TOHOシネマズシャンテにて初見(2014/04/18)



[粗筋]

 オクラホマ州オーセージ郡は、夏場ともなると極度の暑さになる。こと、周りに影の差すところがないウェストン家の暑さは尋常ではなかった。

 そんな8月に、ウェストン家の長女バーバラ(ジュリア・ロバーツ)は突然の知らせを受け、帰郷する。父ベヴァリー(サム・シェパード)が、釣りに行くと言ったまま、忽然と行方をくらましたというのだ。母ヴァイオレット(メリル・ストリープ)はだいぶ前から口腔癌を患い闘病を続けていたが、最近になってベヴァリーは急にネイティヴ・アメリカンのジョナ(ミスティ・アッパム)を家政婦として雇い、ヴァイオレットの送り迎えや身の回りの世話をさせるようになっていた。そのことがバーバラや、オーセージに残っている次女のアイヴィー(ジュリアンヌ・ニコルソン)に嫌な予感をもたらすが、それは間違いではなかった――深夜、保安官がウェストン家を訪ね、近くの池で屍体が上がったことを告げるのだった。

 葬儀に合わせ、ウェストン家には親族が勢揃いした。バーバラの夫ビル(ユアン・マクレガー)と娘のジーン(アビゲイル・ブレスリン)、ヴァイオレットの三女カレン(ジュリエット・ルイス)と婚約者のスティーヴ(ダーモット・マローニー)。ヴァイオレットの妹であるマティ・フェイ(マーゴ・マーティンデイル)とその夫チャールズ(クリス・クーパー)に、ふたりの息子リトル・チャールズ(ベネディクト・カンバーバッチ)もやって来た。

 久々に顔を合わせる者もいれば、まるっきりの新参者も加わっている。揃っての食卓は当初、探るような平穏な会話が交わされていたが、ヴァイオレットは最初からやけに躁状態で、無遠慮だった。彼女は昔から薬物依存が激しく、癌を患っているいまは、医師の処方で中毒性の高い鎮痛剤を過剰に投与し、ハイになりすぎる傾向がある。ヴァイオレットの抑えの効かない唇は、いつしか葬送の済んだばかりの家庭に、容赦なく爆弾を放り始めた――



[感想]

 ユーモアはあるが、潤いはない。

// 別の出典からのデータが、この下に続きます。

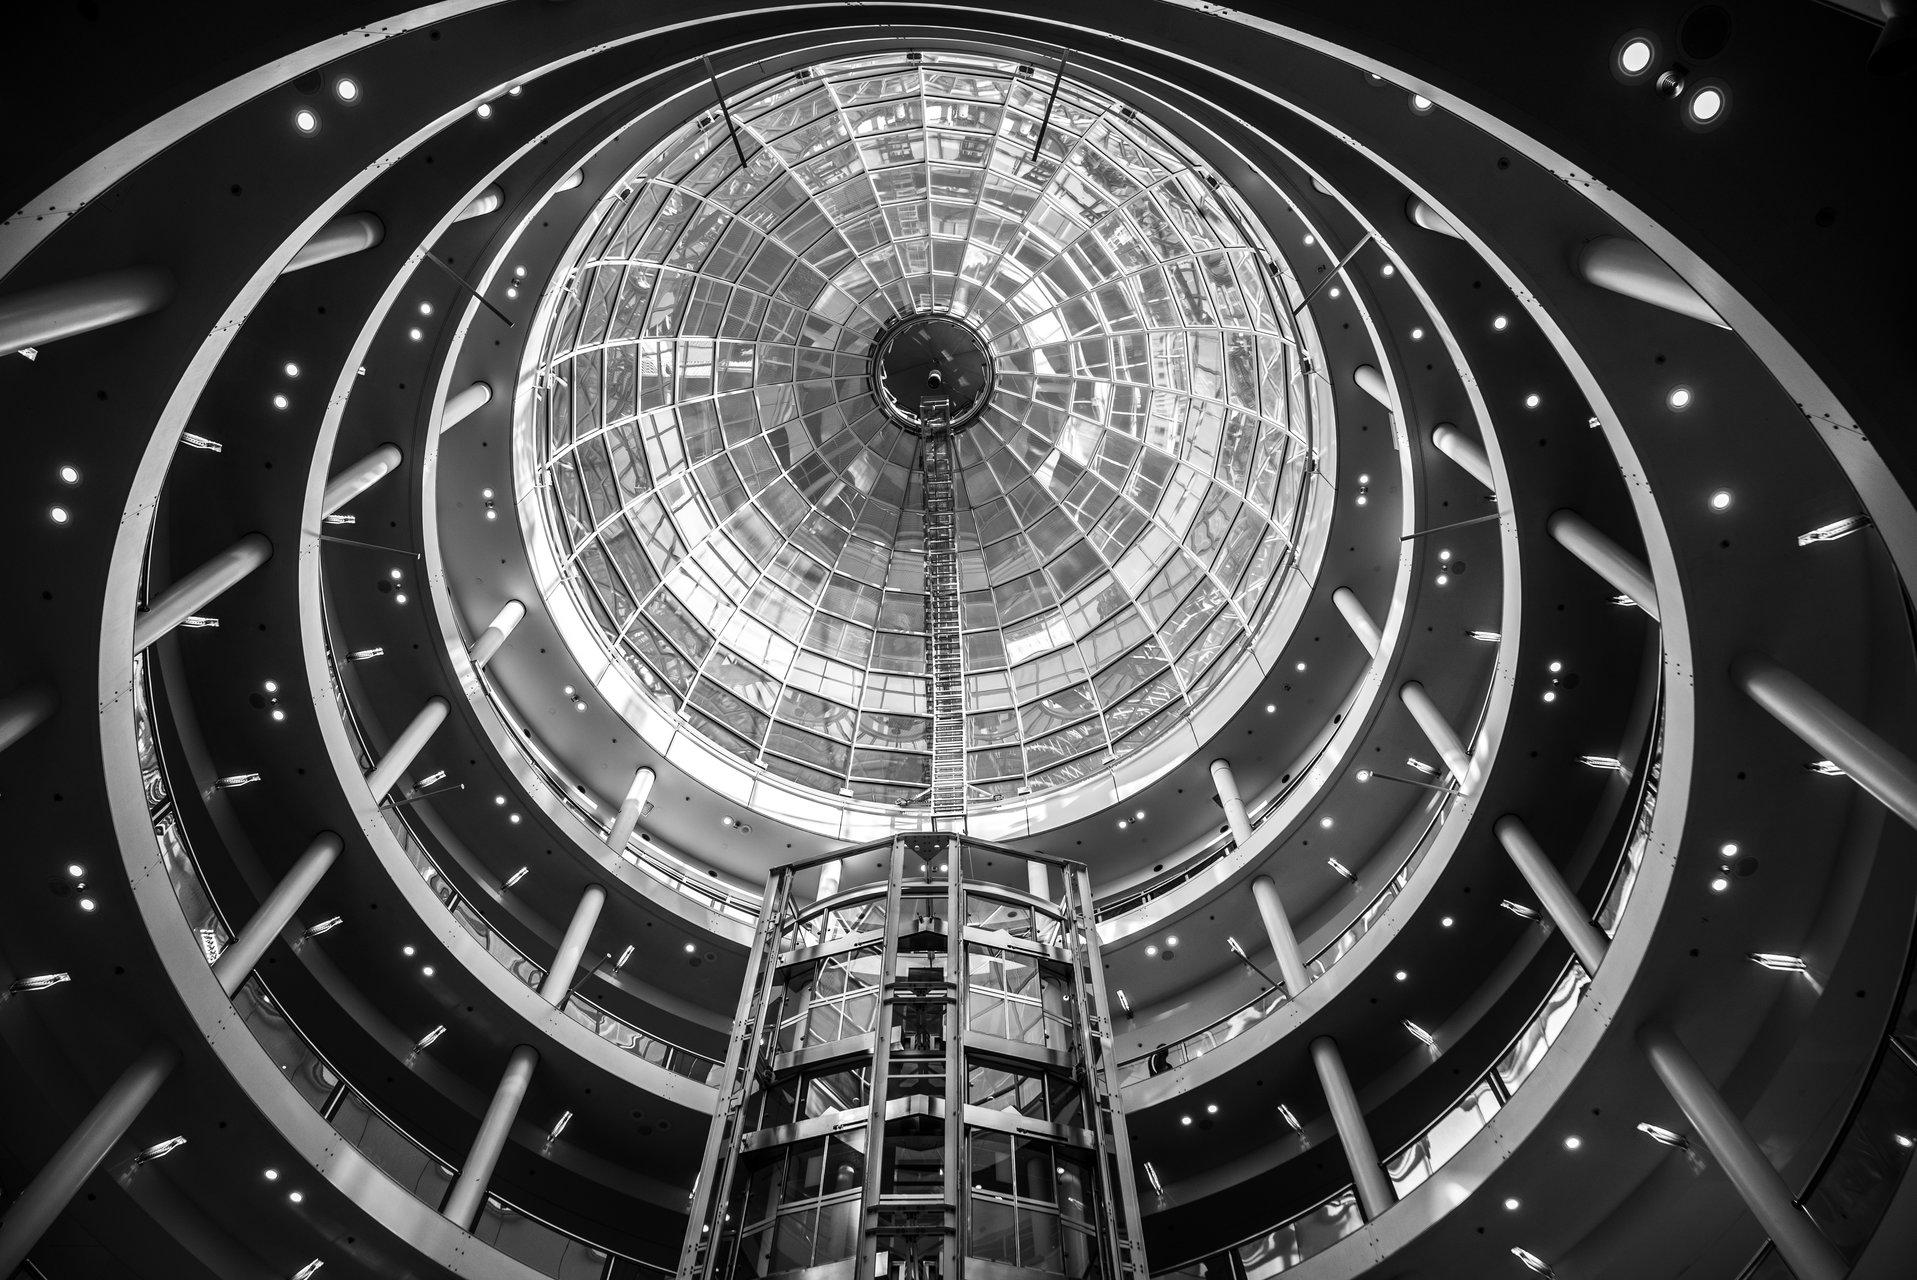 Photo in Architecture | Author stoyan dragiev - s.b.d. | PHOTO FORUM

舞台となるオーセージ郡の尋常でない熱気に乾燥してしまったかのようで、家族のドラマであるにも拘わらず、そのフレーズからイメージされる人情や暖かみはほとんどない。

 本篇の登場人物はいずれもどこかしら過剰でエキセントリックだが、決して特異ではない。事態を誰よりも掻き回す母親ヴァイオレットには薬物依存が明らかだが、それも珍しくはない――現在の彼女は癌の痛みを抑えるために処方された鎮痛剤の中毒になっている格好だが、あり得る状況なのである。それに明晰な頭脳と冴え渡る舌鋒が加わったがために手の付けどころのない厄介者になっている感はあるが、飛び抜けた奇人、というわけではない。家庭に悩みを抱えるバーバラも、地元を出ずに独身でいるアイヴィーの秘密も、カレンの振る舞いやその恋人の人物像にしても、ありがちと言えるものだ。

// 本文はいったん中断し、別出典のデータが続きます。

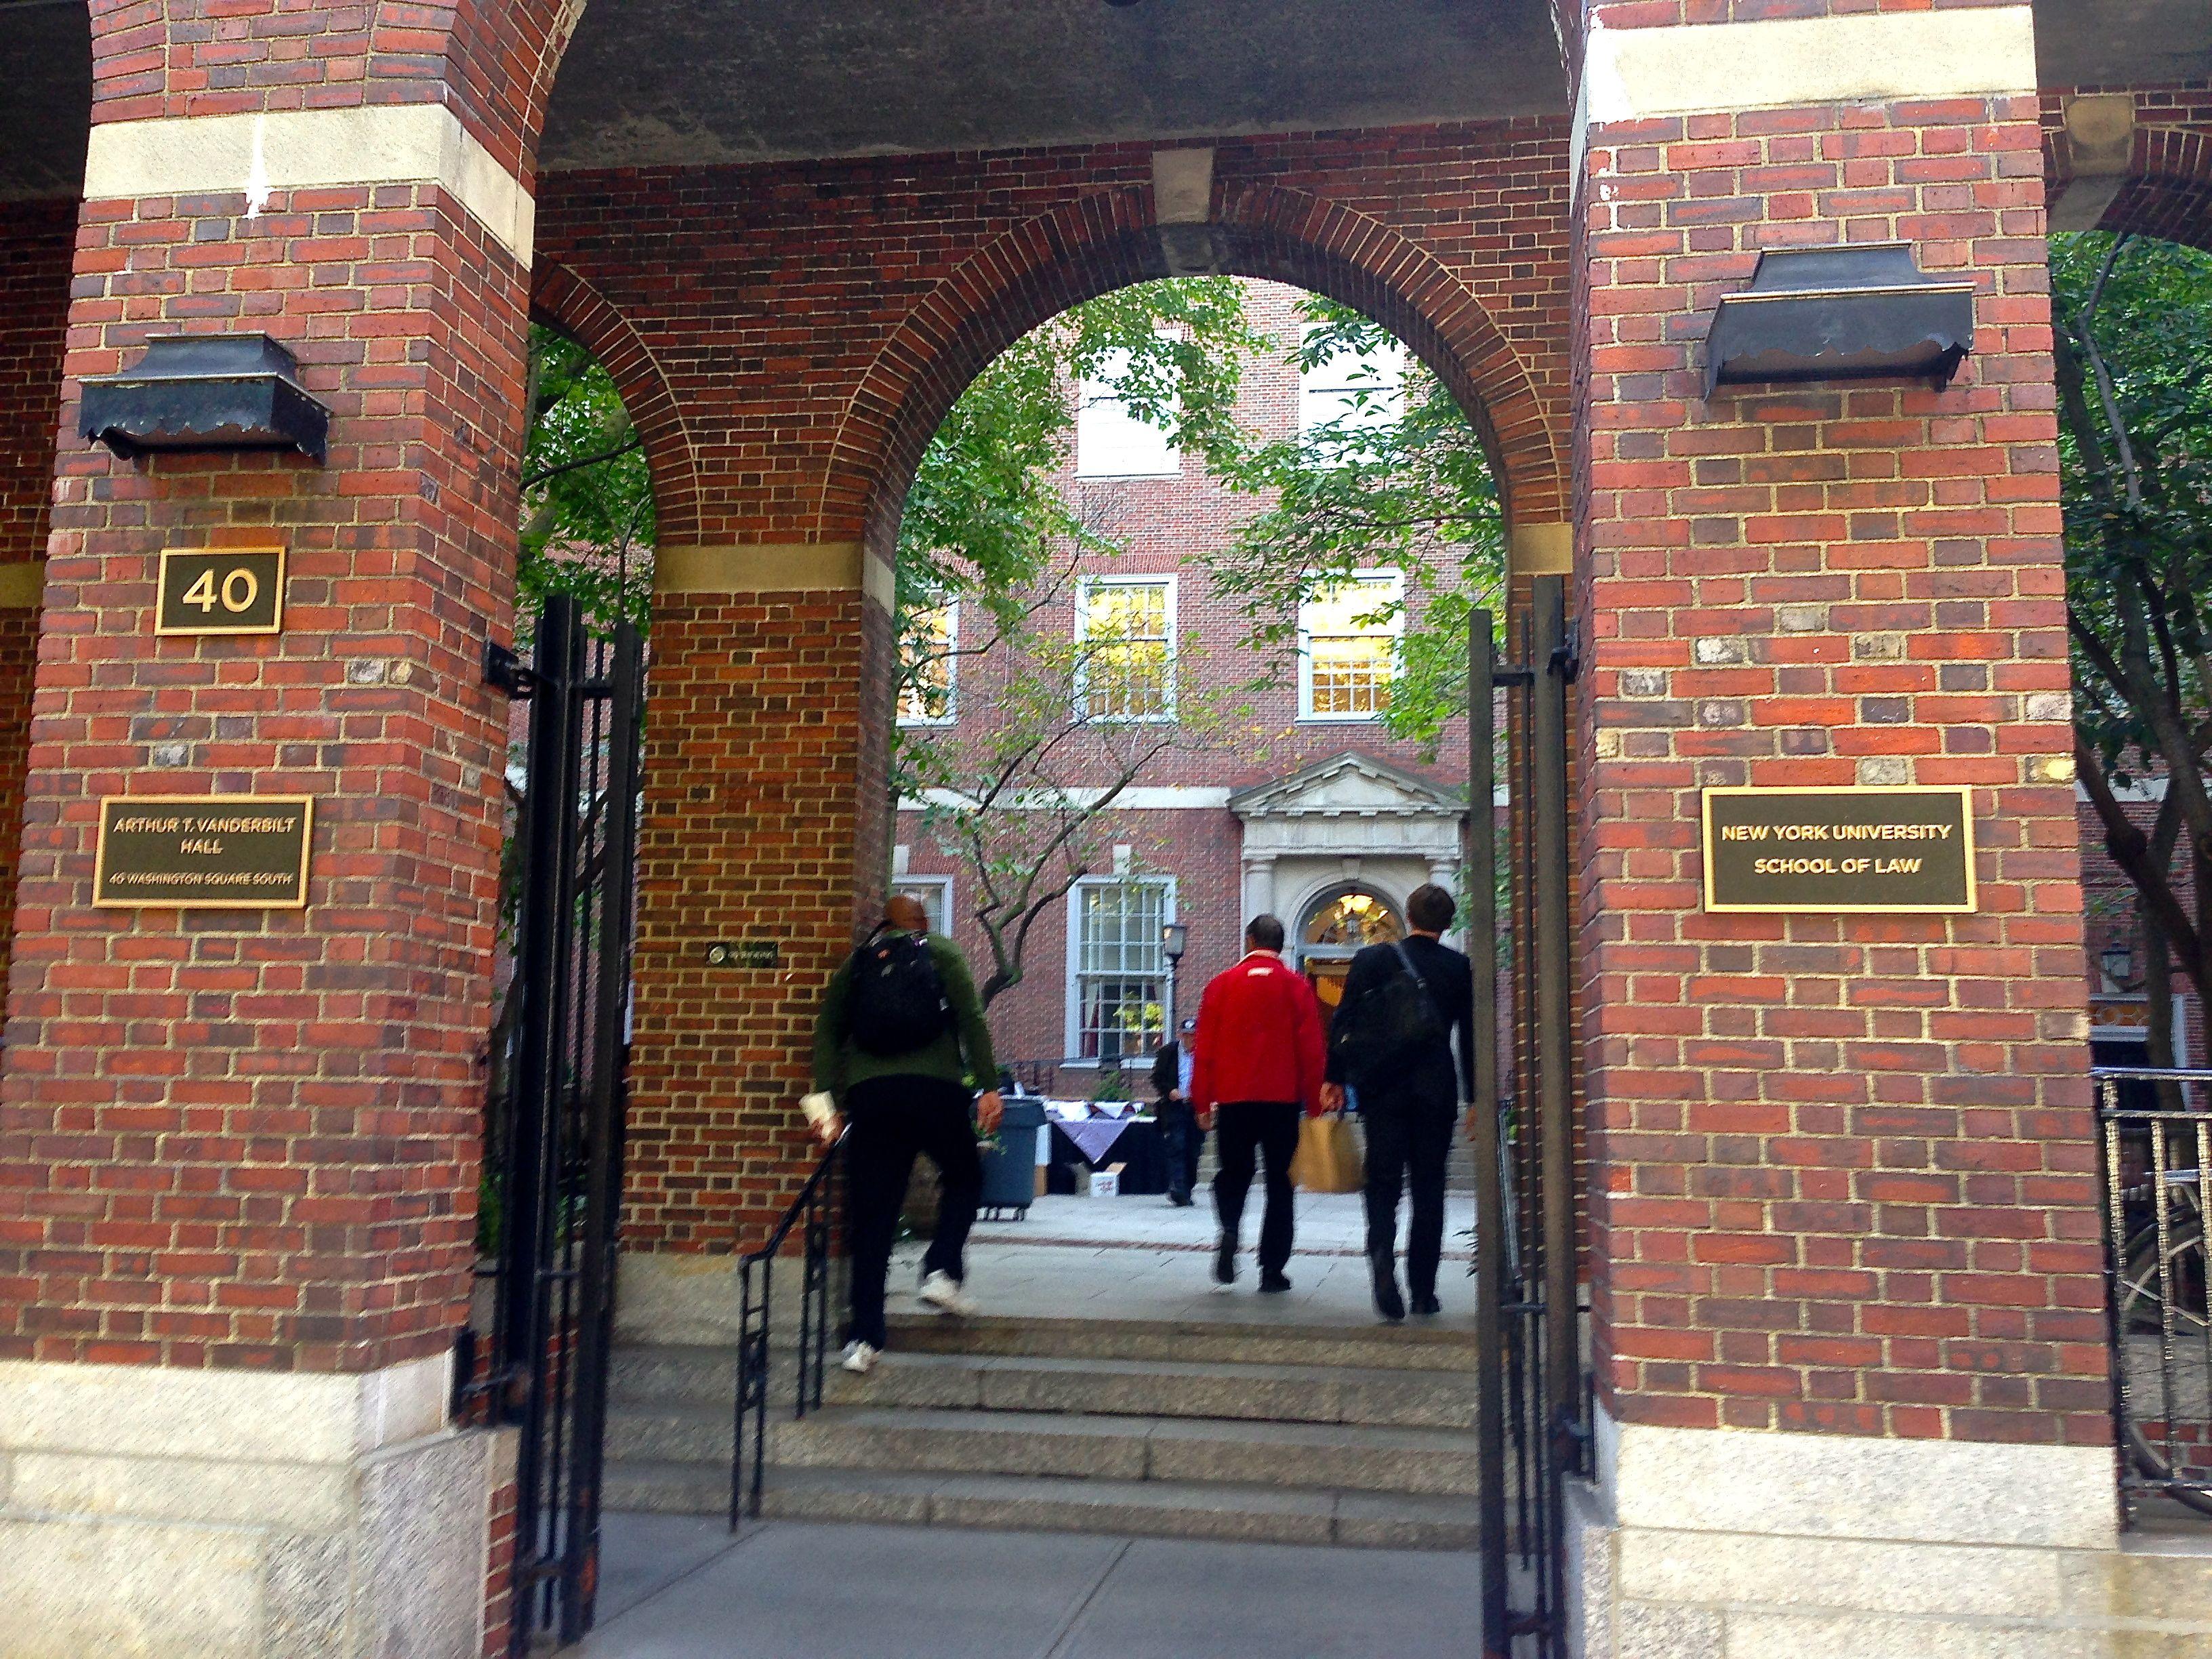 About Nyu Law Nyu School Of Law Law School Nyu Law York University

 ただ、そうした人物を一堂に集め、思うさま秘密を暴露していけば、そりゃあ殺伐とするし阿鼻叫喚の様相を呈する。その壮絶さは、いっそ滑稽なほどだ。

 ヴァイオレットはいささかエキセントリックなきらいはあれど、他の人物たちの造形、抱える悩みや秘密は観る者にとって身近なものだ。だから、湧き起こる笑いが時として自虐的になり、痛々しくなる。次第に明らかになっていく秘密や人間関係は、あり得ないようなもののようにも思えるが、しかし他人事ではないからこそ本篇は異様なほどに鋭いのだ。

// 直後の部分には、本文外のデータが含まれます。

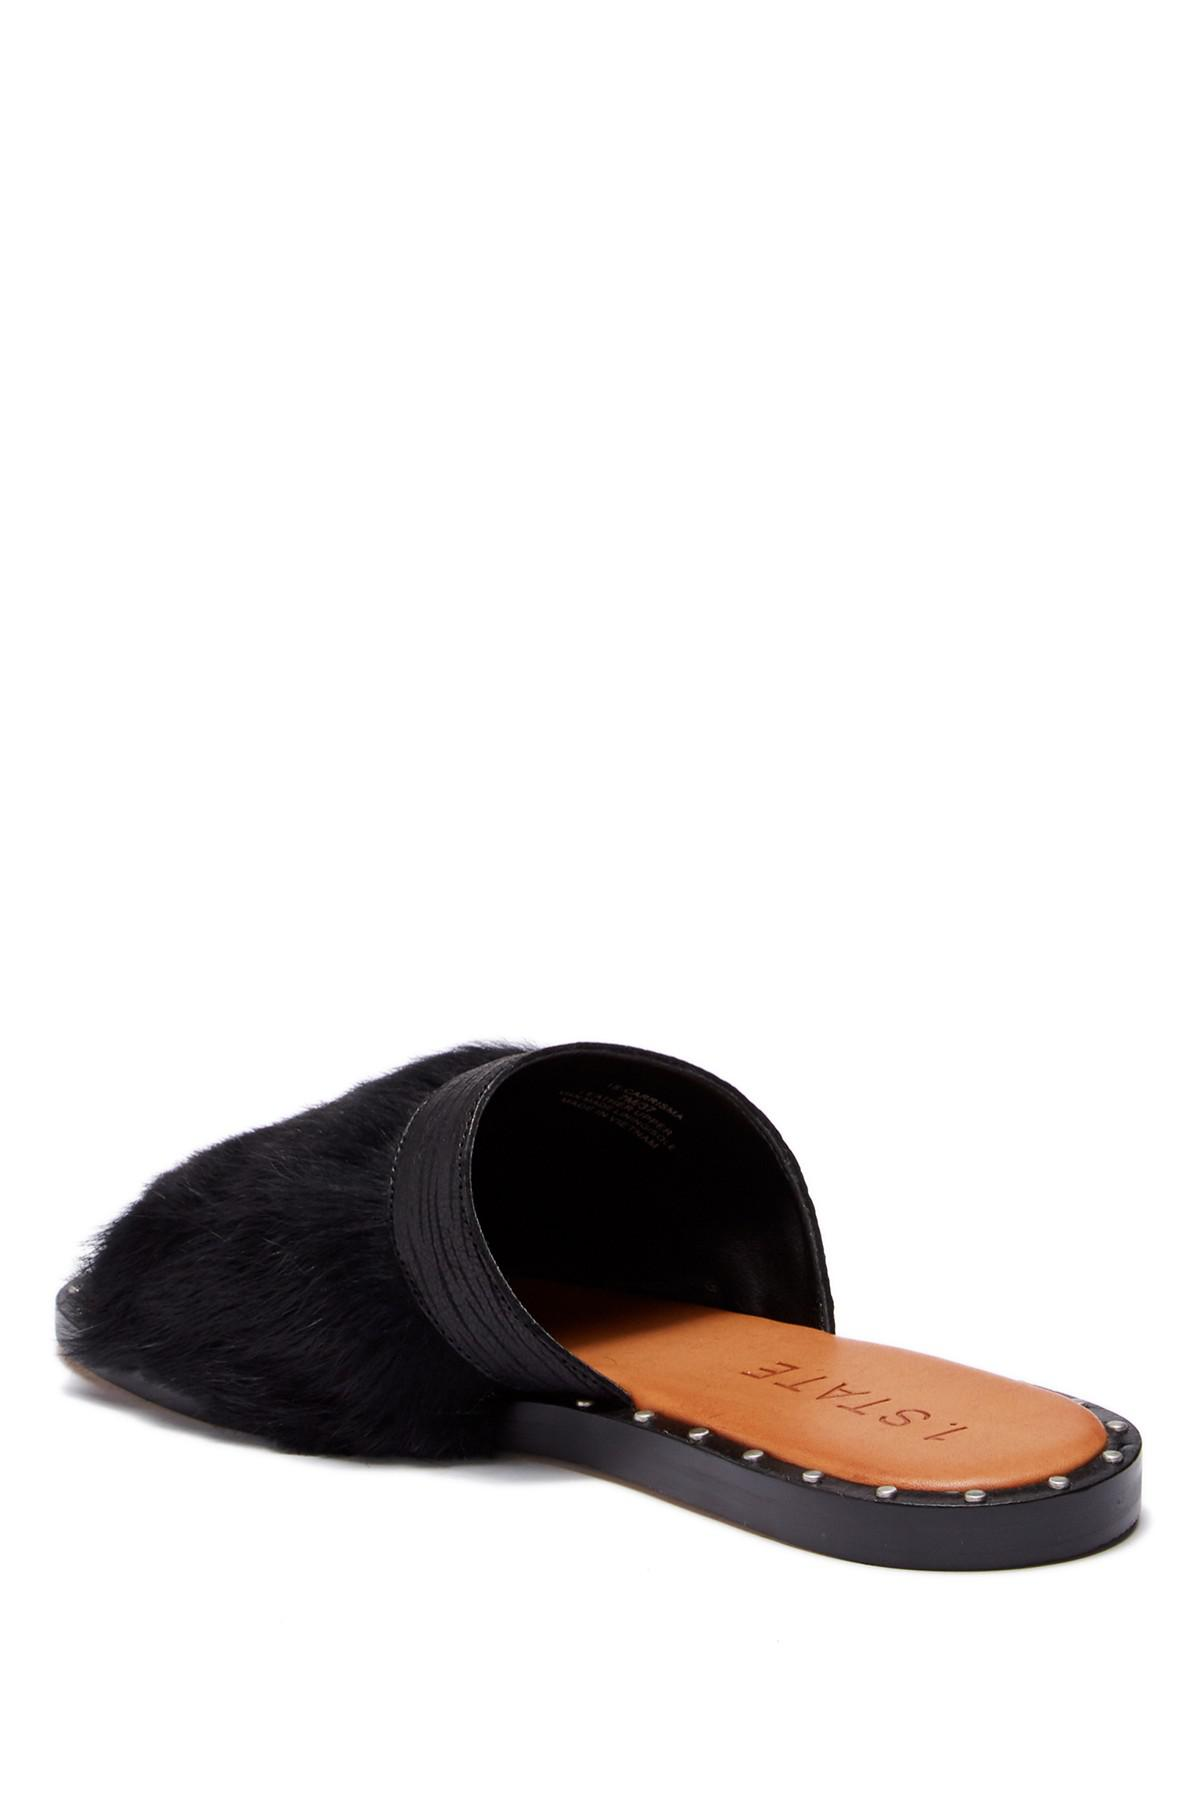 1.State Carrisma Leather & Rabbit Fur Slide Sandal

 軸となっているのは、まるでパワーショベルのようなヴァイオレットと、常識人だがそんな彼女に対決しようとするバーバラであり、このふたりをメリル・ストリープジュリア・ロバーツという名女優ふたりなのは当然としても、周囲の人物にも、ある程度映画好きを自認するひとなら唸るような名優揃いである。それは、尺全体と比較すると決して出番も台詞の量も多くはないが、作品全体に対して誰ひとり無駄に出来ないがゆえだ。家族全員から「頼りない男」扱いされているリトル・チャールズでさえ、近年急速に注目を集めつつあるベネディクト・カンバーバッチが起用されて素晴らしい存在感を与えているし、どちらかといえば軽く扱われそうなバーバラとビルの娘にも、幼くしてオスカー・ノミニーになったアビゲイル・ブレスリンが起用されて、如何にも現代的な少女の人物像に奥行きを加えている。この堂々たる面々が、やたらと盛大に繰り広げられる家族の悶着に芯を通している。

 それにしても本篇の終盤の成り行きは惨憺たるものだ。家族のドラマなら、ハッピーエンドとは言わずとも、家族の情や絆が何らかのかたちで浮き彫りとなり、わずかな救いや支えをもたらしそうなものだが、本篇の結末は如何ともし難い――このあと、家族がふたたび顔を揃えることなどまずあり得ない、と感じる。

 だがその一方で、本篇の結末には何故か明るさがある。何もかもぶちまけ、抱えていた秘密や悩みを打ち砕かれて、失うものをすべて失ったあとに、初めて残された自分を見つめなおす登場人物の姿には、不思議な清々しさがあるのだ。

 本篇には、ひとがひとであるが故の業の深さ、それぞれが断絶しているように見えて、どこかで繋がってしまう因縁の深さを感じる。そしてそれと同時に、“家族の絆”など幻想に過ぎないのだ、と囁いているようにも思う。そのくせ本篇は、どれほど壊れても完全には解せない“縁”があることもほんのりと窺える――そのことが救いになっている、とは到底思えないが、情や絆、といったキーワードではあぶり出せない“家族”というものの本質が、本篇には刻みこまれているように思うのだ。

 その凄味を象徴するのはやはり、逞しき母ヴァイオレットだ。作中で彼女が愛するエリック・クラプトンの“Lay Down Sally”を2度目にかけるシーンで流れる虚無的でいて濃密な余韻は、あとあとまで尾を引く。

 観ているあいだはけっこう笑わされ、自然と牽引されてしまうが、終わってみて快いか、と問われたら、積極的には肯定できない。しかし、家族の絆だ、暖かい空間だ、といった描写に胡散臭さを感じてしまうようなひとは、本篇を観ておくべきだろう――そこに浸っていられることもまた、幸せなのだ、ときっと気づかされるから。